- **WORK TASK**:
Every line below needs to be printed again exactly, without any of its pictures.
********************
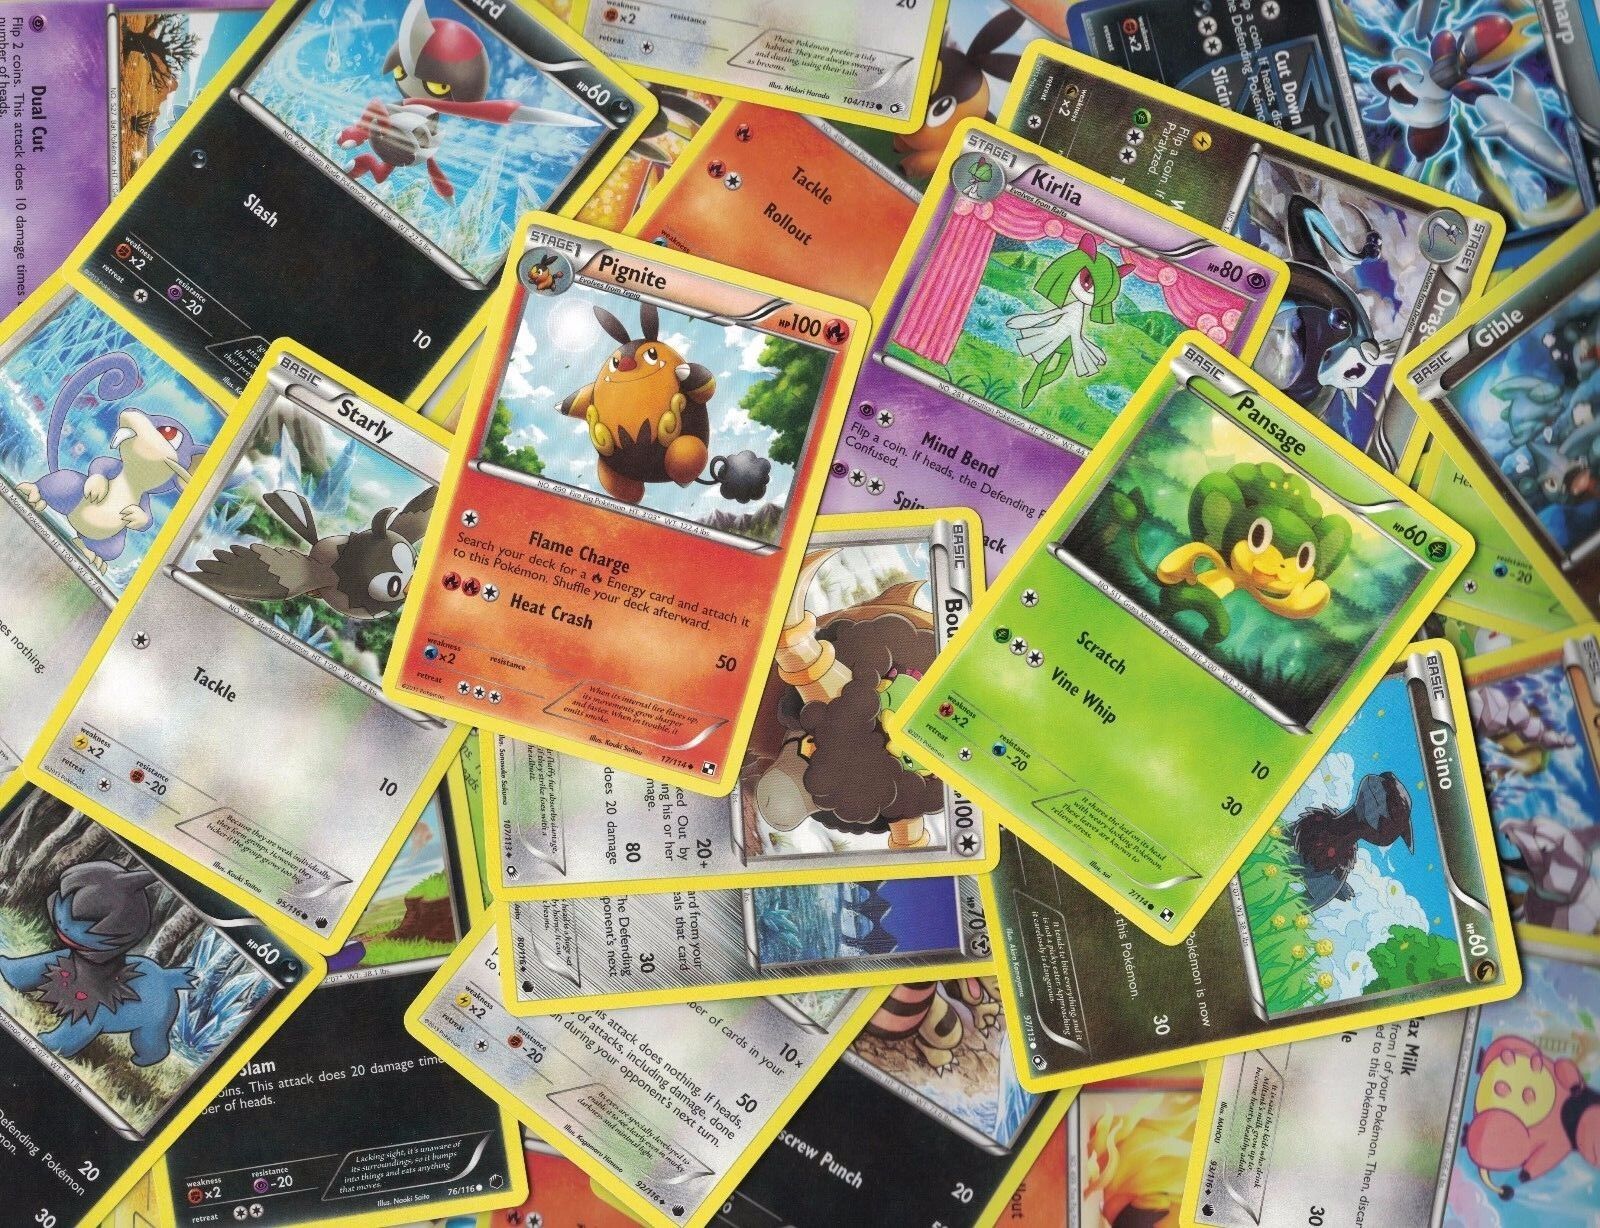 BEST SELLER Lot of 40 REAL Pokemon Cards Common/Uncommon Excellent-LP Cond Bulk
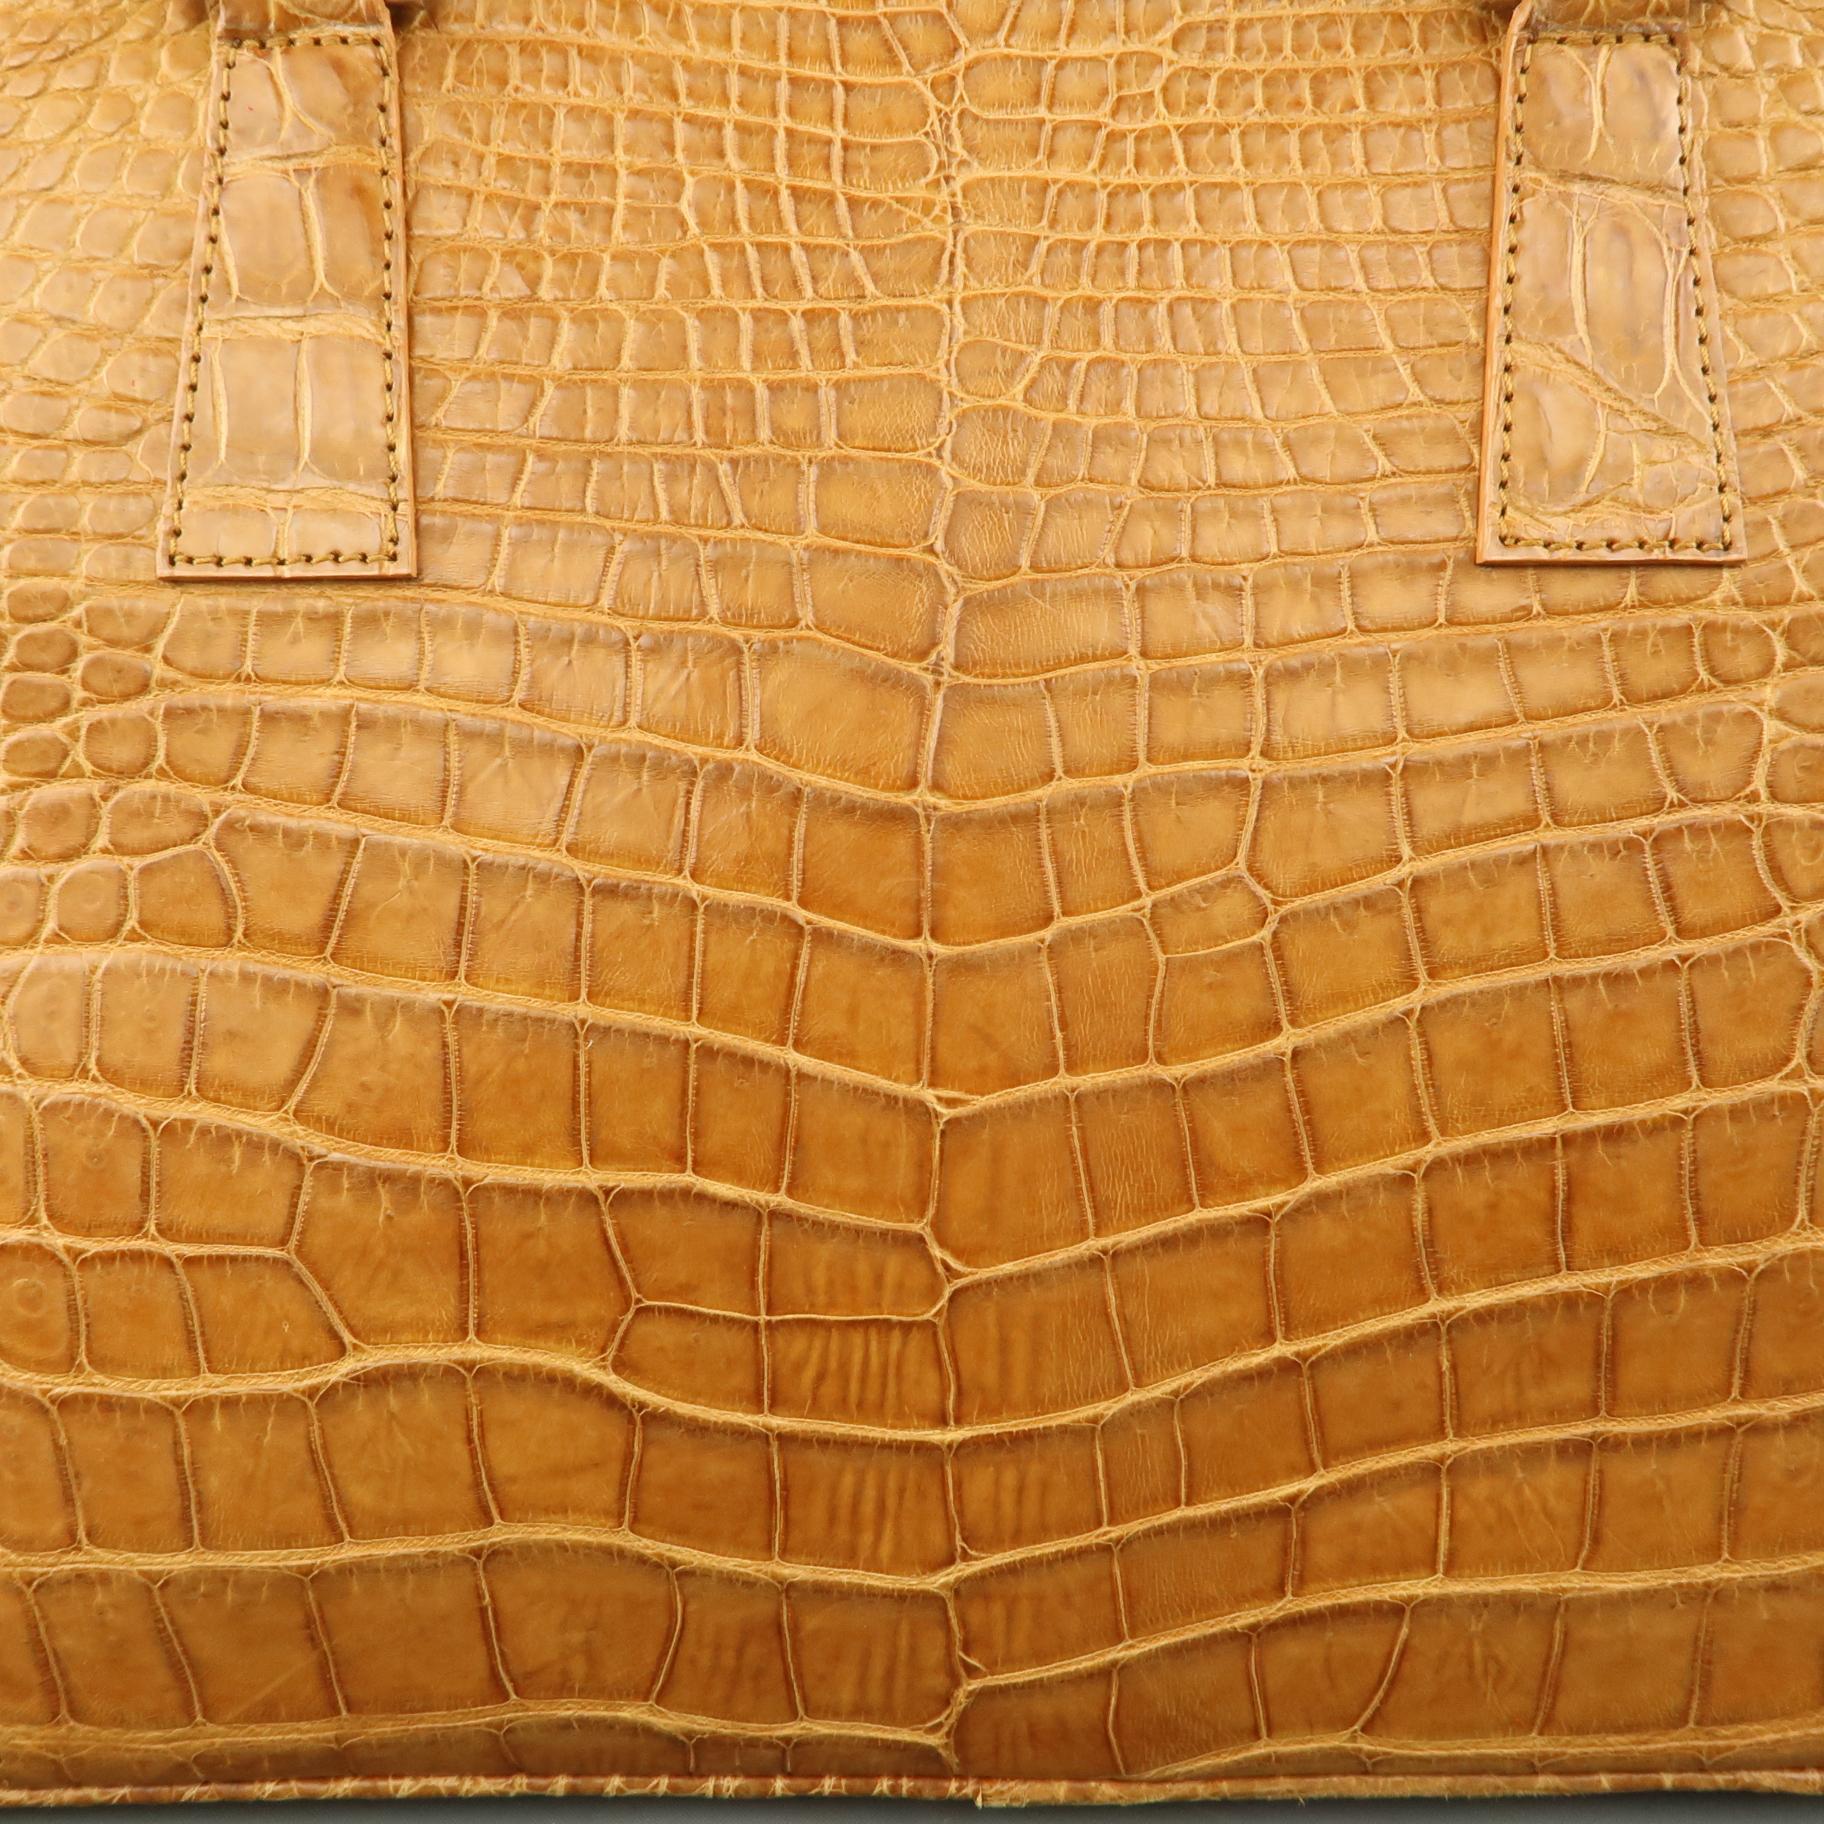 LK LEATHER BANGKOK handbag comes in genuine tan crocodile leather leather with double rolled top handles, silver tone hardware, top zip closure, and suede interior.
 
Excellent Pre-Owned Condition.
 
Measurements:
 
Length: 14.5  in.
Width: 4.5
********************
- **FINAL ANSWER**:
 BEST SELLER Lot of 40 REAL Pokemon Cards Common/Uncommon Excellent-LP Cond Bulk
 LK LEATHER BANGKOK handbag comes in genuine tan crocodile leather leather with double rolled top handles, silver tone hardware, top zip closure, and suede interior.
 
Excellent Pre-Owned Condition.
 
Measurements:
 
Length: 14.5  in.
Width: 4.5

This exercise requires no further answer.